◆ The task ◆
After locating "separation shoes 85d6a", return its line and all lines that follow through the end of the listing below, exactly; leave out pictures.

=== Information supplied ===

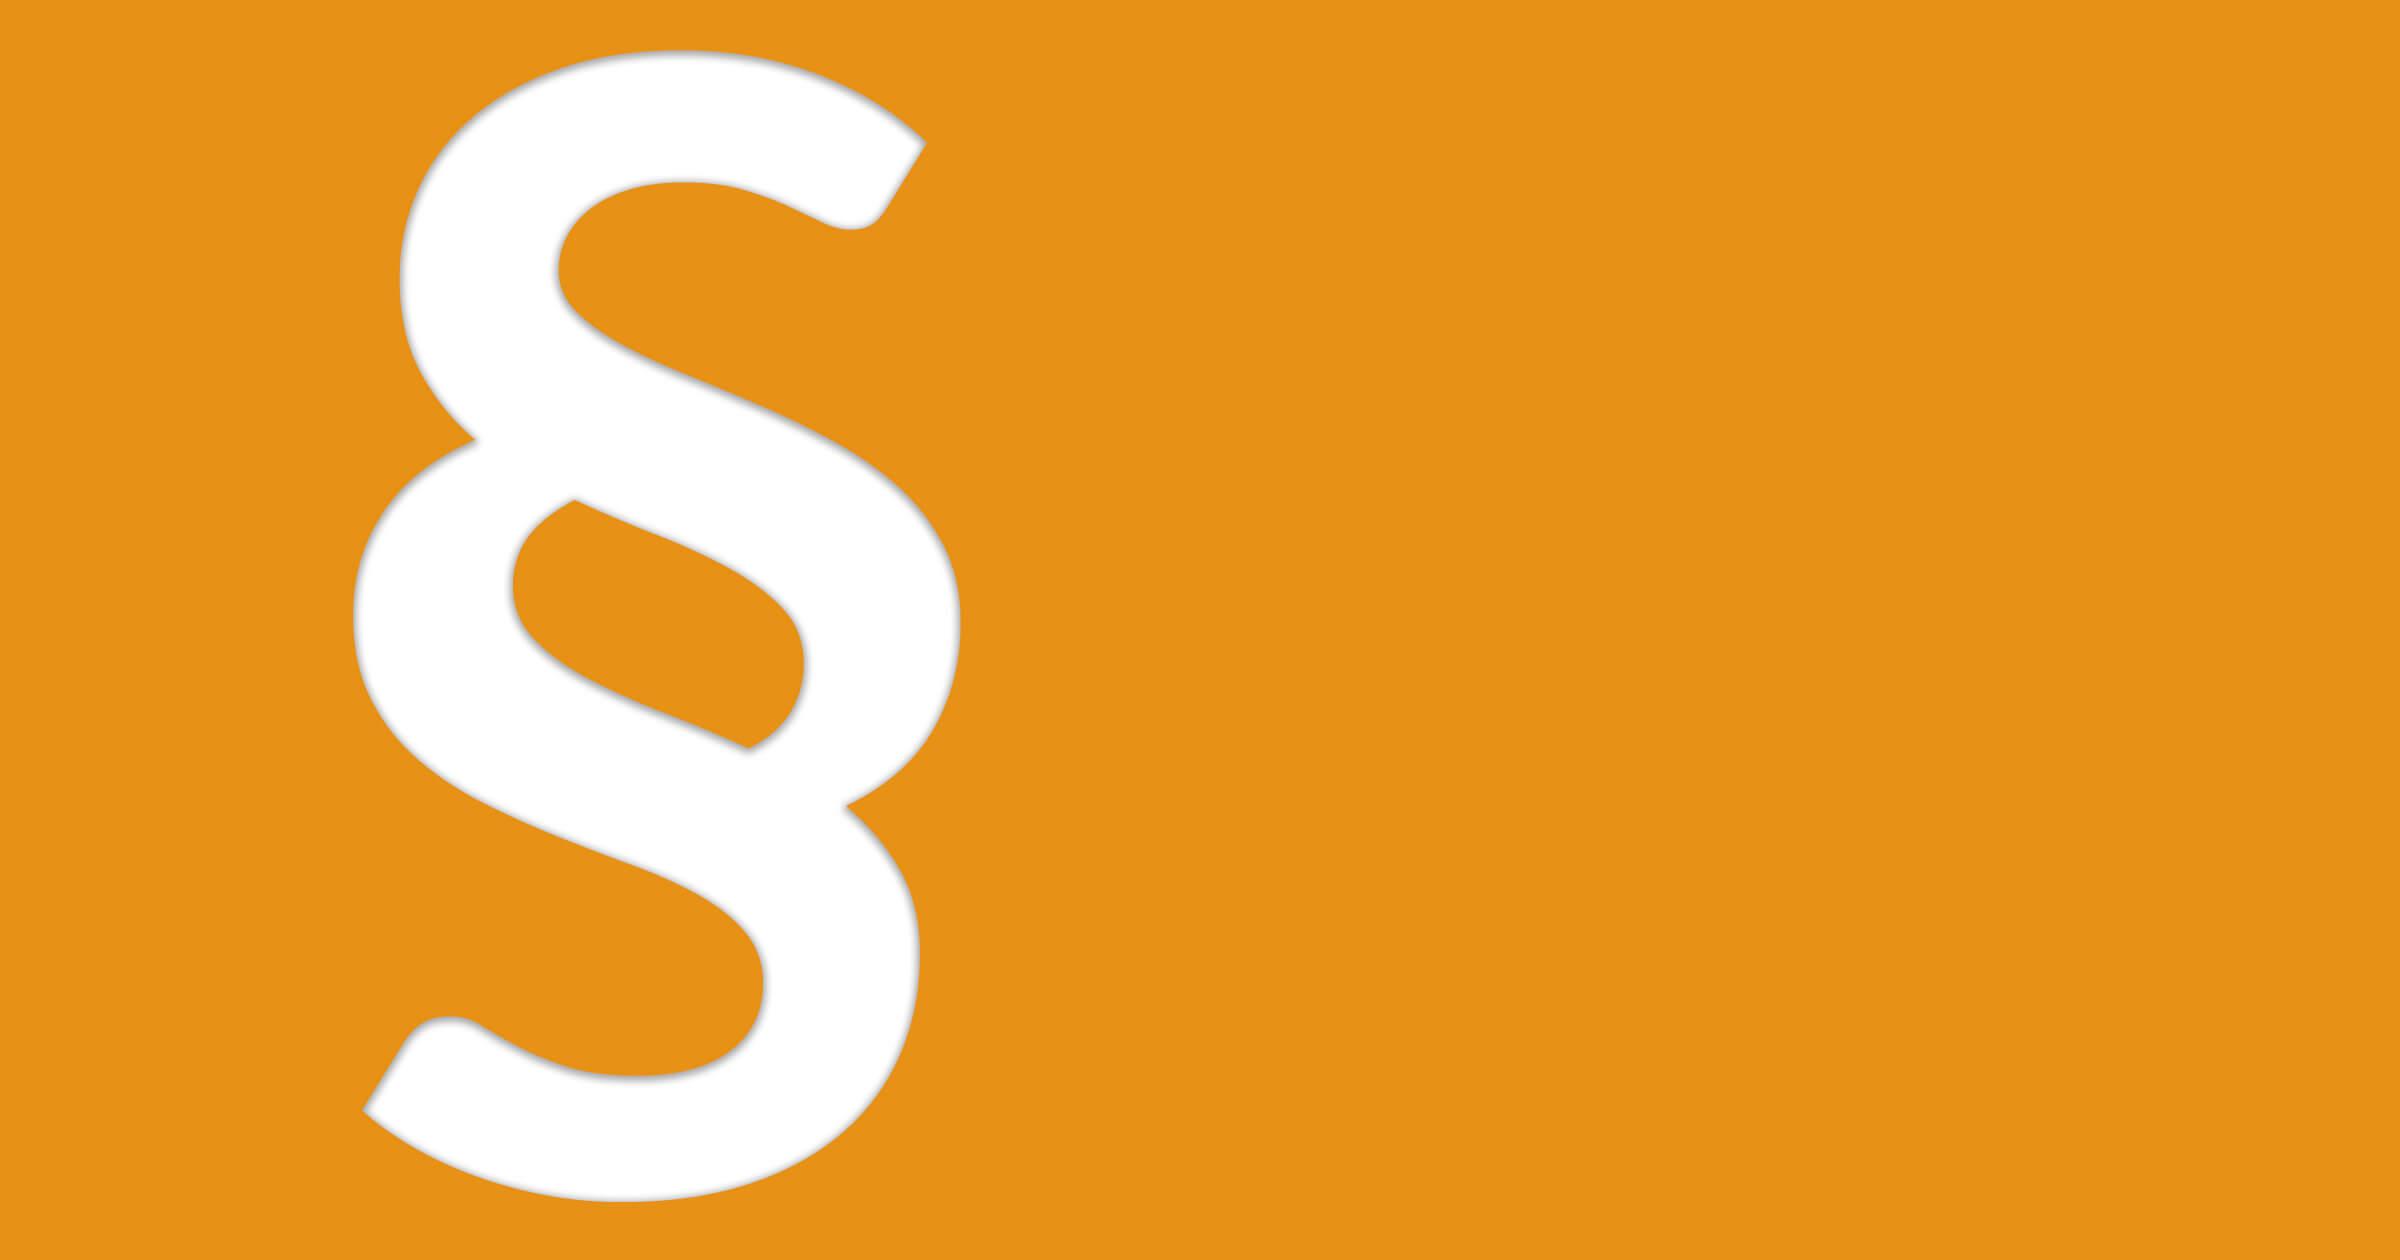 Beitragshinweis: Leitfaden mit Top 10 abmahnbarer Rechtsfehler im Marketing und Onlinevertrieb
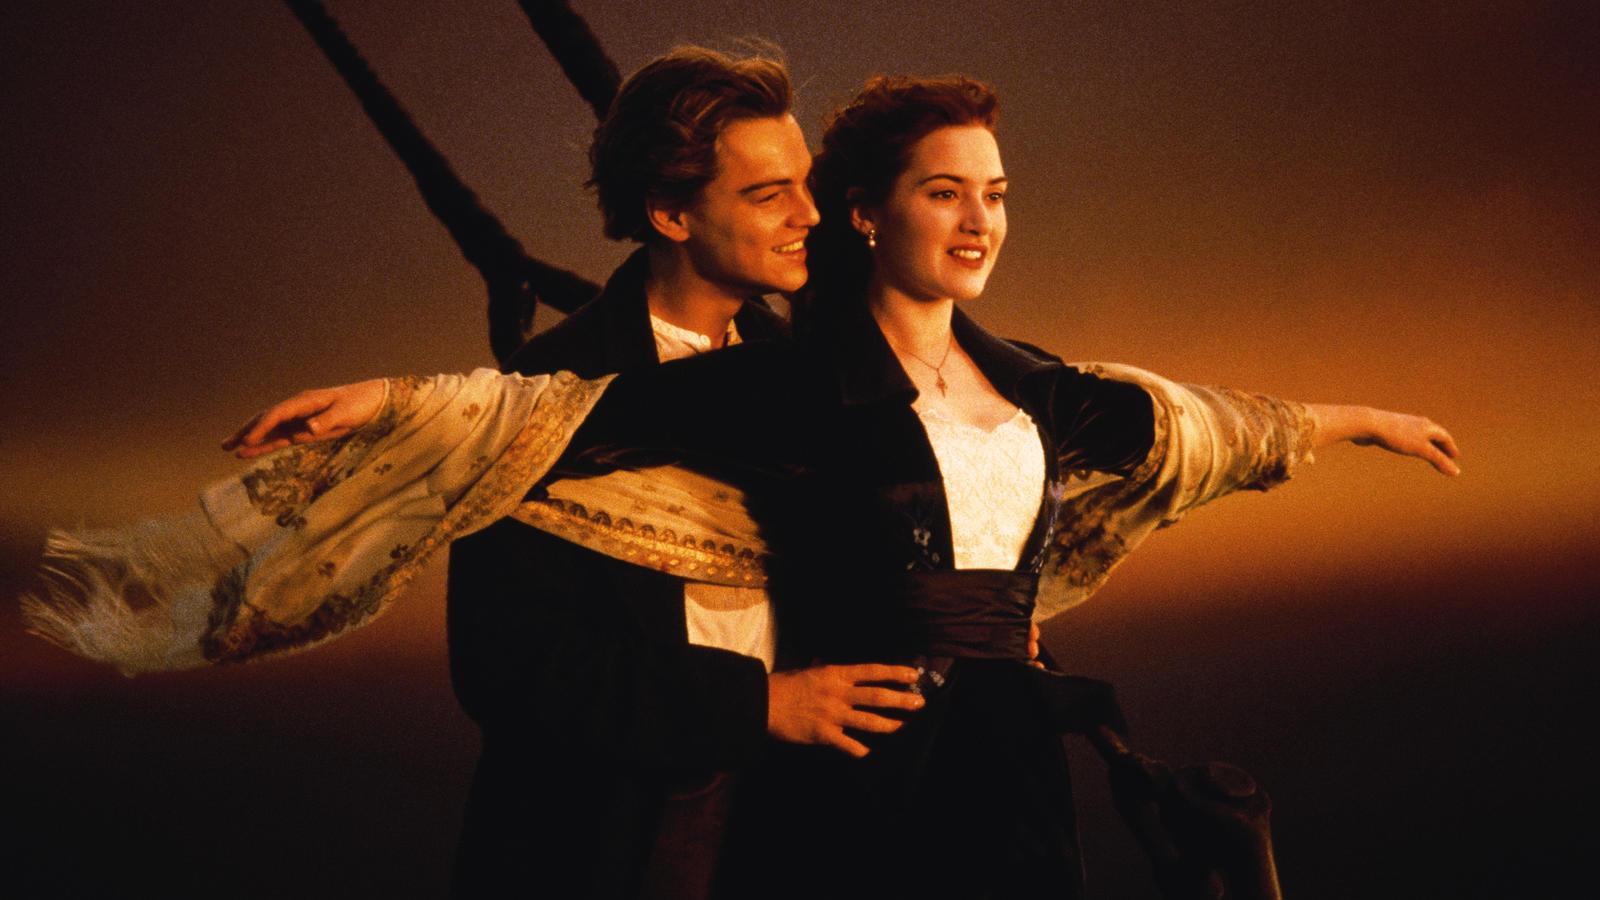 separation shoes 85d6a 833c0 James Cameron verrät: Deshalb musste Jack in 'Titanic' sterben
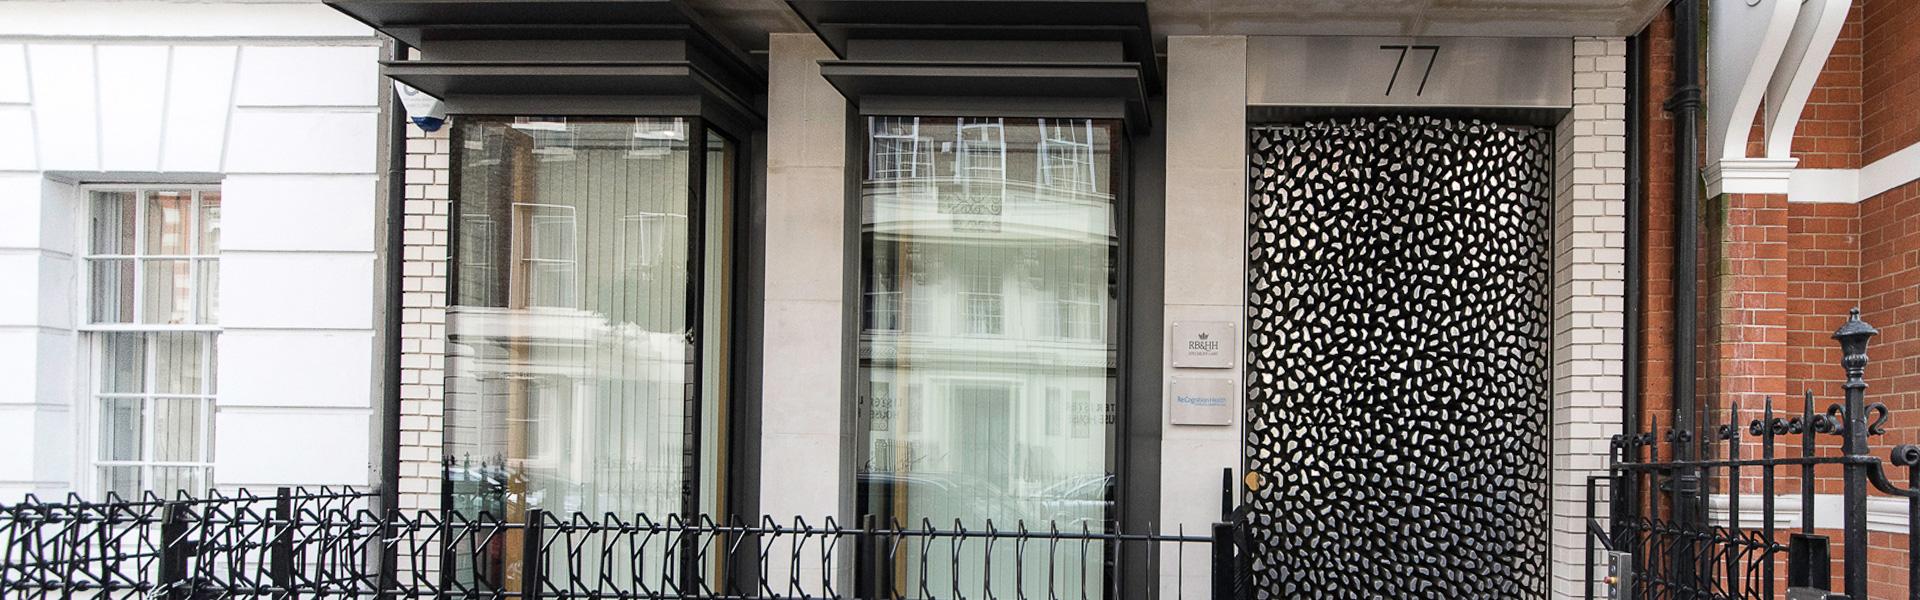 77-Wimpole-Street

===

◆ Finished task ◆
 separation shoes 85d6a 833c0 James Cameron verrät: Deshalb musste Jack in 'Titanic' sterben
 77-Wimpole-Street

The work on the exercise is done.